About the Phase 3 HERO Program in Advanced Prostate Cancer
Myovant’s Phase 3 clinical program for advanced prostate cancer consisted of a randomized, open-label, parallel-group, multinational clinical study designed to evaluate the safety and efficacy of relugolix in over 900 men with androgen-sensitive advanced prostate cancer who required at least one year of continuous androgen deprivation therapy. Men were randomized 2:1 to receive a single loading dose of relugolix 360 mg followed by relugolix 120 mg once daily, or to treatment with leuprolide acetate 3-month depot injection, respectively.
About Prostate Cancer
Prostate cancer is the second most prevalent form of cancer in men and the second leading cause of death due to cancer in men in the U.S. Cardiovascular mortality is the leading cause of death in men with prostate cancer and accounts for 34% of deaths in men with prostate cancer in the U.S. More than three million men in the U.S. are currently living with prostate cancer, and approximately 190,000 men are estimated to be newly diagnosed in 2020.

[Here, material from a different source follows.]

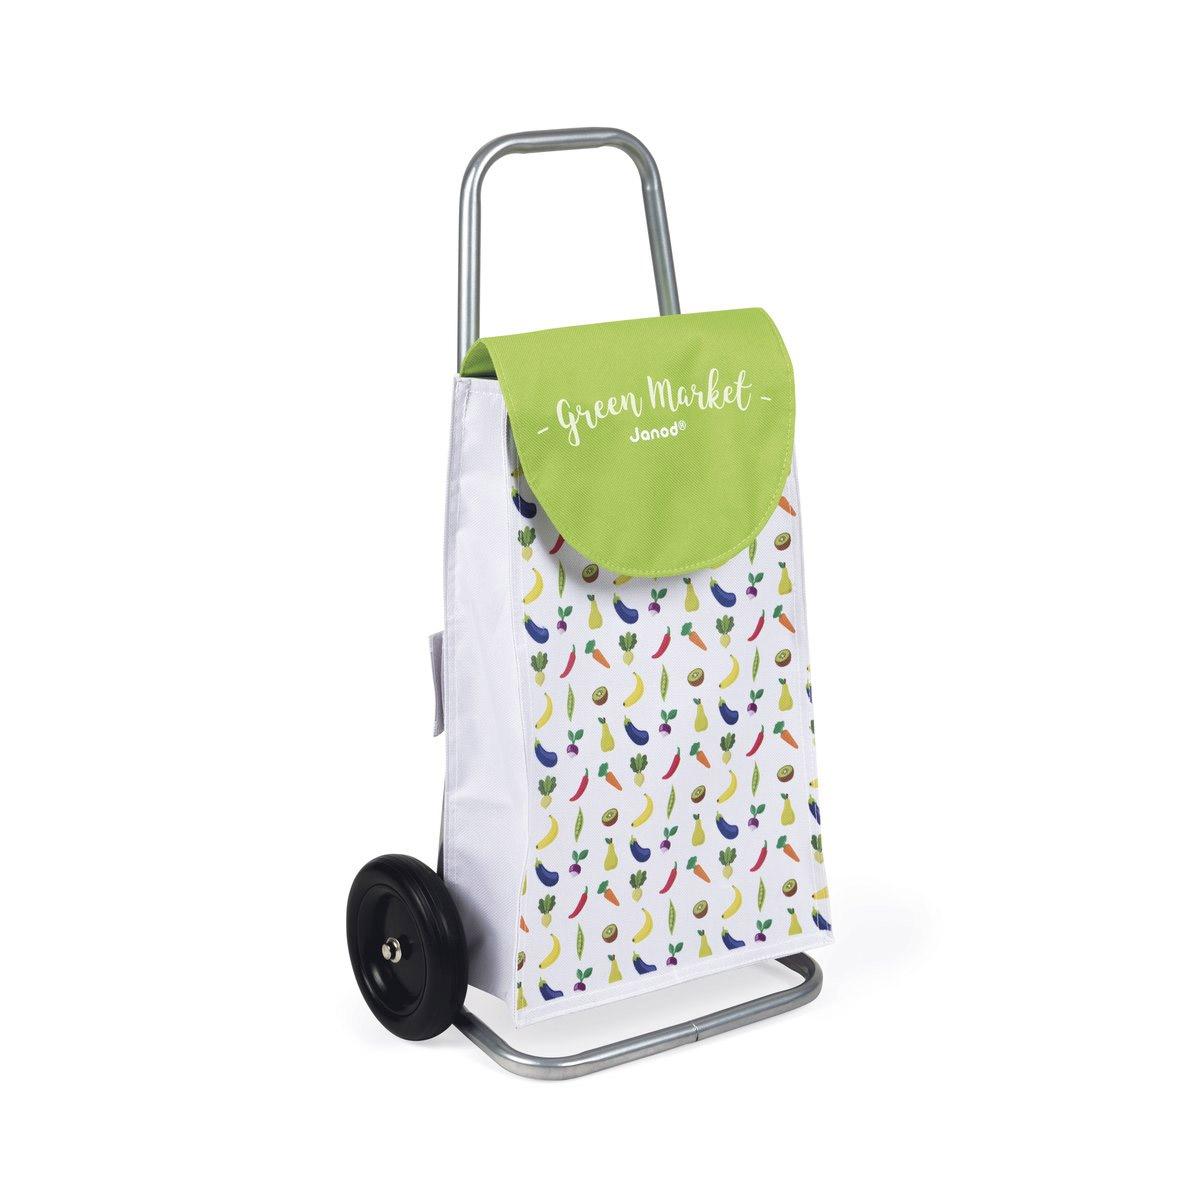 Chariot de course - Green Market

Advanced prostate cancer is prostate cancer that has spread or come back after treatment and may include men with biochemical recurrence (rising PSA in the absence of metastatic disease on imaging), locally advanced disease, or metastatic disease. Front-line medical therapy for advanced prostate cancer typically involves androgen deprivation therapy, which reduces testosterone to very low levels, commonly referred to as castrate levels. GnRH receptor agonists, such as leuprolide acetate, are depot injections and the current standard of care for androgen deprivation therapy. However, GnRH receptor agonists may be associated with mechanism-of-action limitations, including the potentially detrimental initial surge in testosterone levels that can exacerbate clinical symptoms, which is known as clinical or hormonal flare, and delayed testosterone recovery after the drug is discontinued. Approximately 210,000 men are treated with androgen deprivation therapy with a GnRH agonist or antagonist each year.
About Relugolix
Relugolix is a once-daily, oral gonadotropin-releasing hormone (GnRH) receptor antagonist that reduces testicular testosterone, a hormone known to stimulate the growth of prostate cancer, and ovarian estradiol, a hormone known to stimulate the growth of uterine fibroids and endometriosis. Relugolix monotherapy tablet (120 mg) is under regulatory review in the U.S. for men with advanced prostate cancer. Relugolix combination tablet (relugolix 40 mg, estradiol 1.0 mg, and norethindrone acetate 0.5 mg) is under regulatory review in Europe and the U.S. for women with uterine fibroids and is under development for women with endometriosis.